J. G. Bellett treats the remembrance of Noah as a picture of covenant faithfulness toward a future remnant:

But they were more than safe. They were remembered — "God remembered Noah, and every living thing, and all the cattle that was with him in the ark." … He who had already shut His remnant in, now remembers them; and in that remembrance there was present life, and, in prospect, a goodly inheritance.

It will be so with another elect remnant, in coming days. Before the same covenant God, who was now keeping Noah in mind, a book of remembrance will be written for them that fear the Lord and think upon His name. … And of them the Lord says, "They shall be mine in that day when I make up my jewels;" as now, in virtue of this covenant-remembrance, the Lord causes a wind to pass over the earth, the waters abate, and the ark rests on the mountains of Ararat.

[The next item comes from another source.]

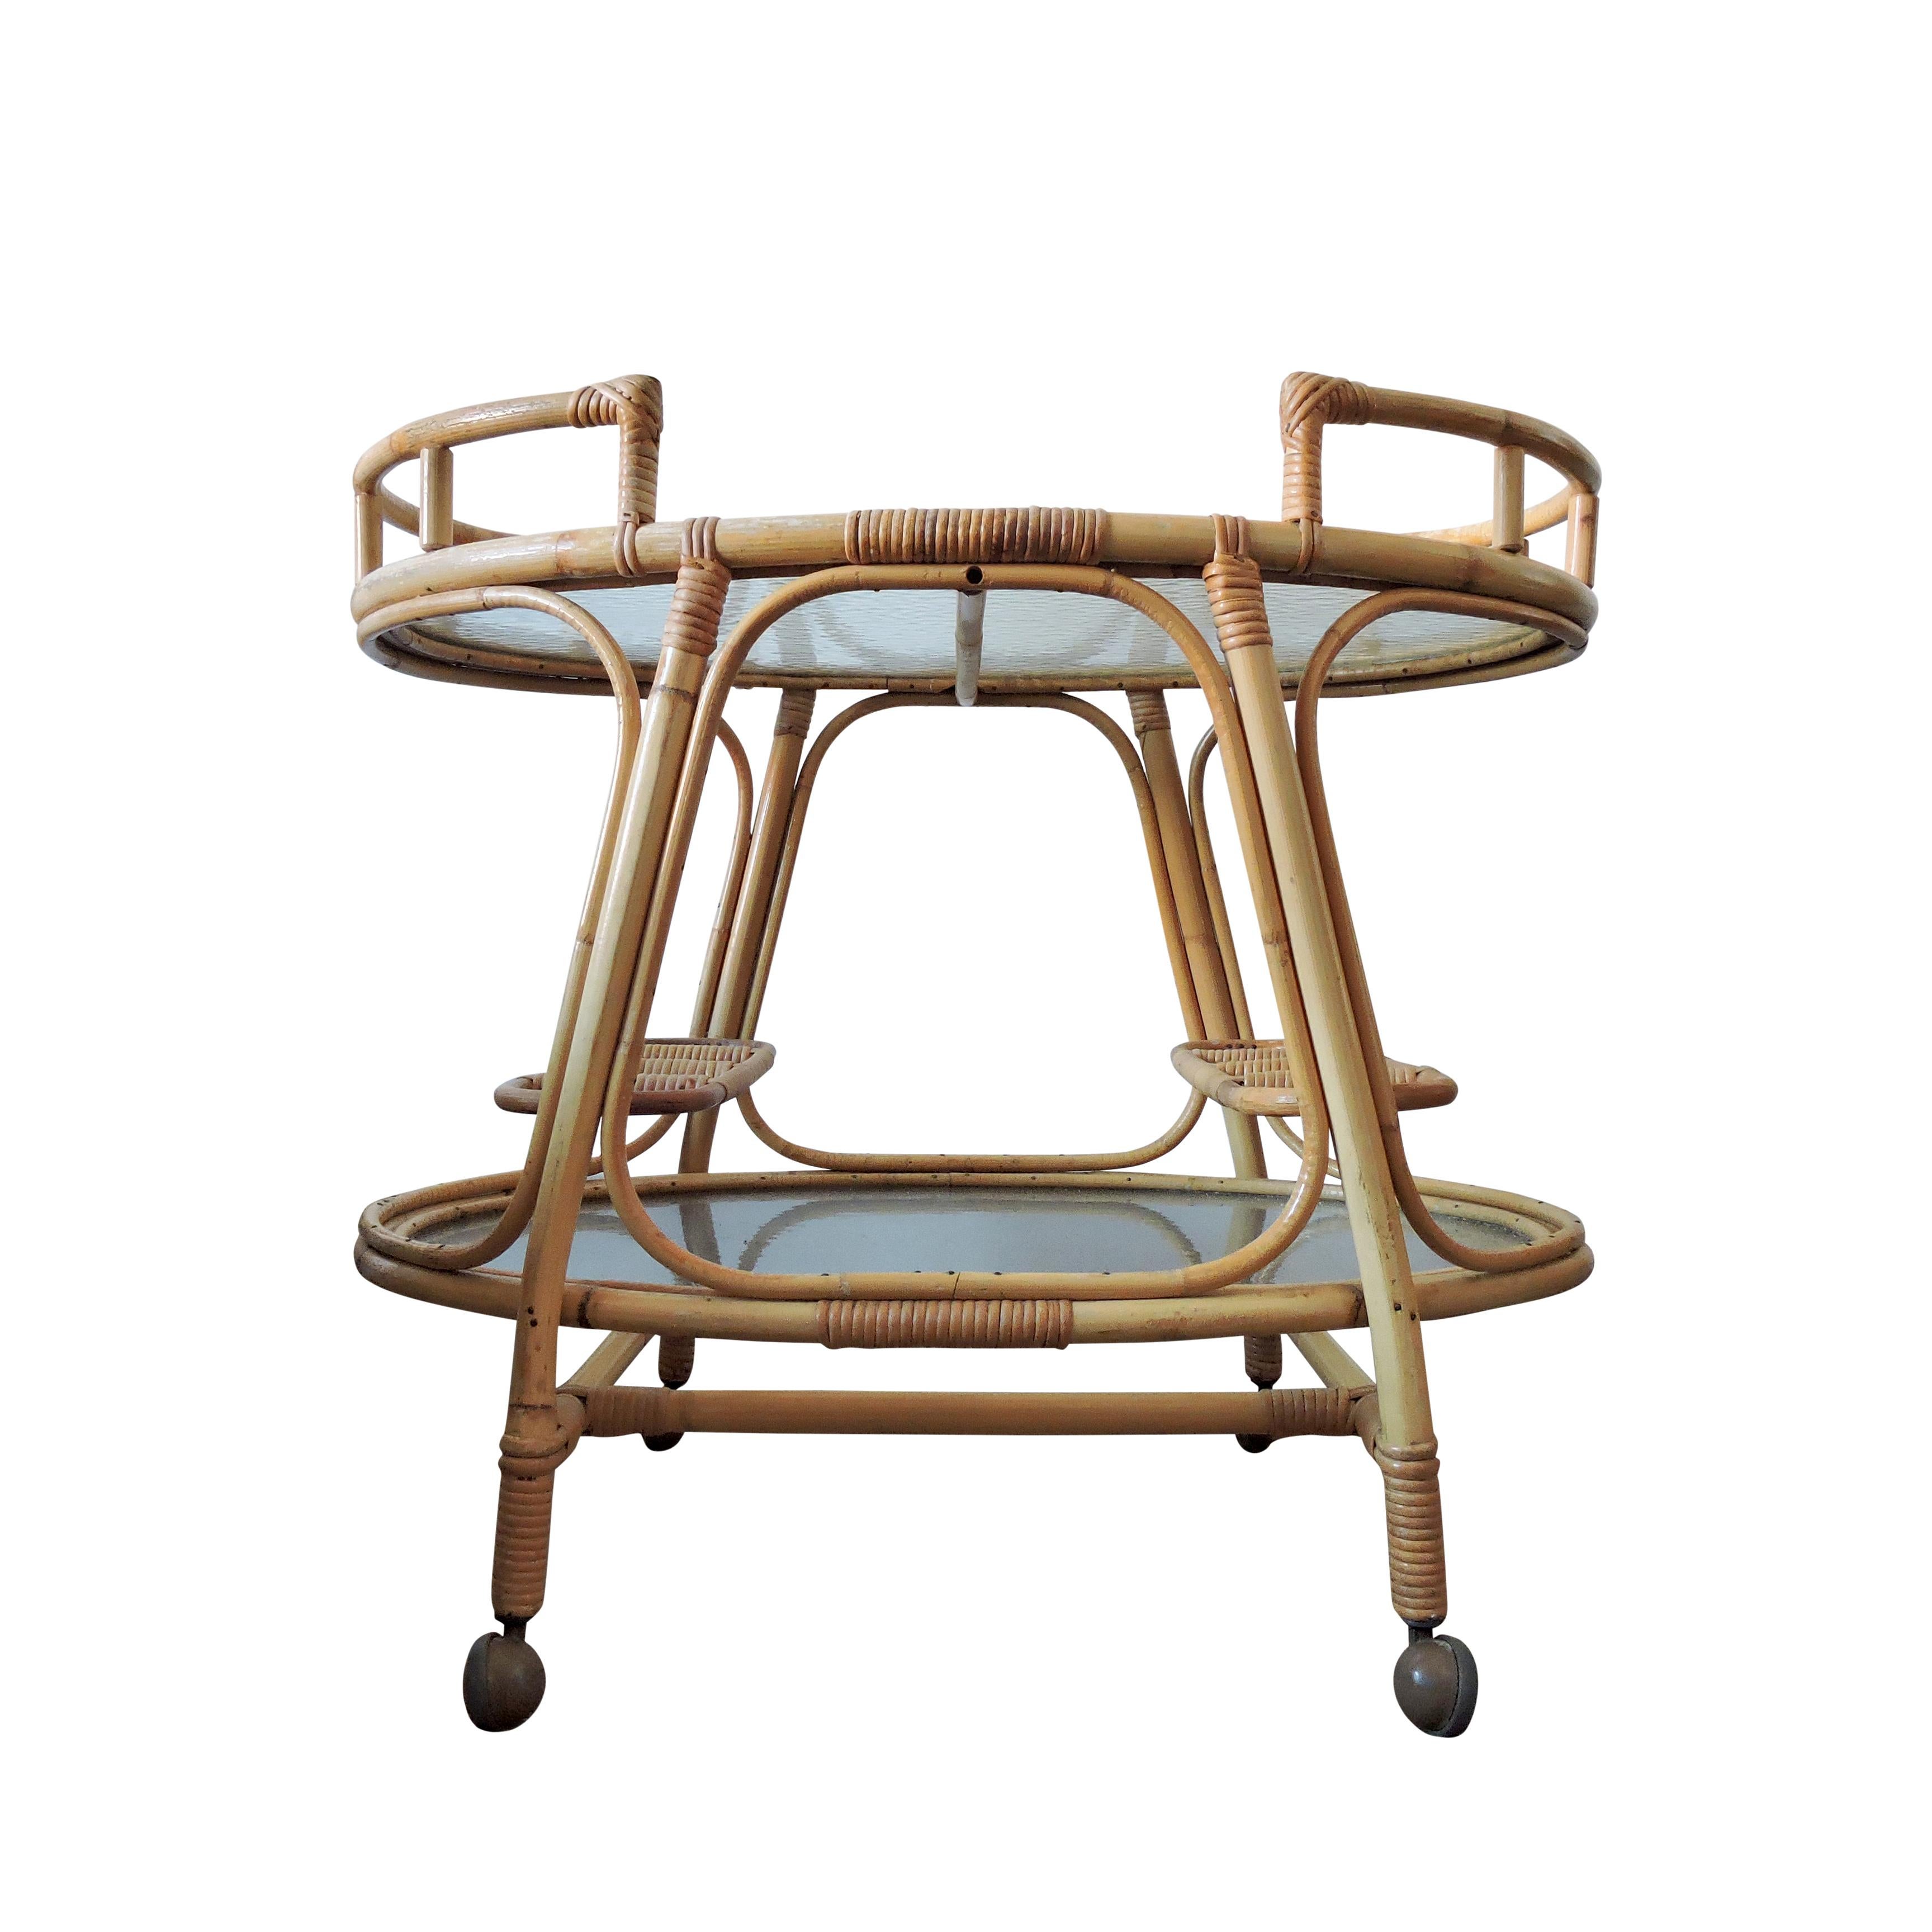 A 1960s oval rattan bamboo drinks trolley with industrial glass shelves and two integrated bottle holders on lower shelf.
        

This remembrance of God was most precious. … The divine remembrance was the hidden comfort of faith.

J. G. Bellett

Bellett emphasizes that God's "remembering" is not a mental act but a covenant act — the fulfillment of commitments already made, now entering their visible moment.

L. M. Grant touches on the human side — how it felt to be in that ark:

The five months of floating on a shoreless sea would seem interminable to Noah and his family, and it can be well imagined that they would feel that God had forgotten them. "But God remembered Noah, and all the beasts and all the cattle that were with him in the ark."

L. M. Grant

The expression speaks as much to us as to the event: it assures the reader that what looks like divine silence is not divine indifference.

God Remembered His Covenant (Exodus 2:24)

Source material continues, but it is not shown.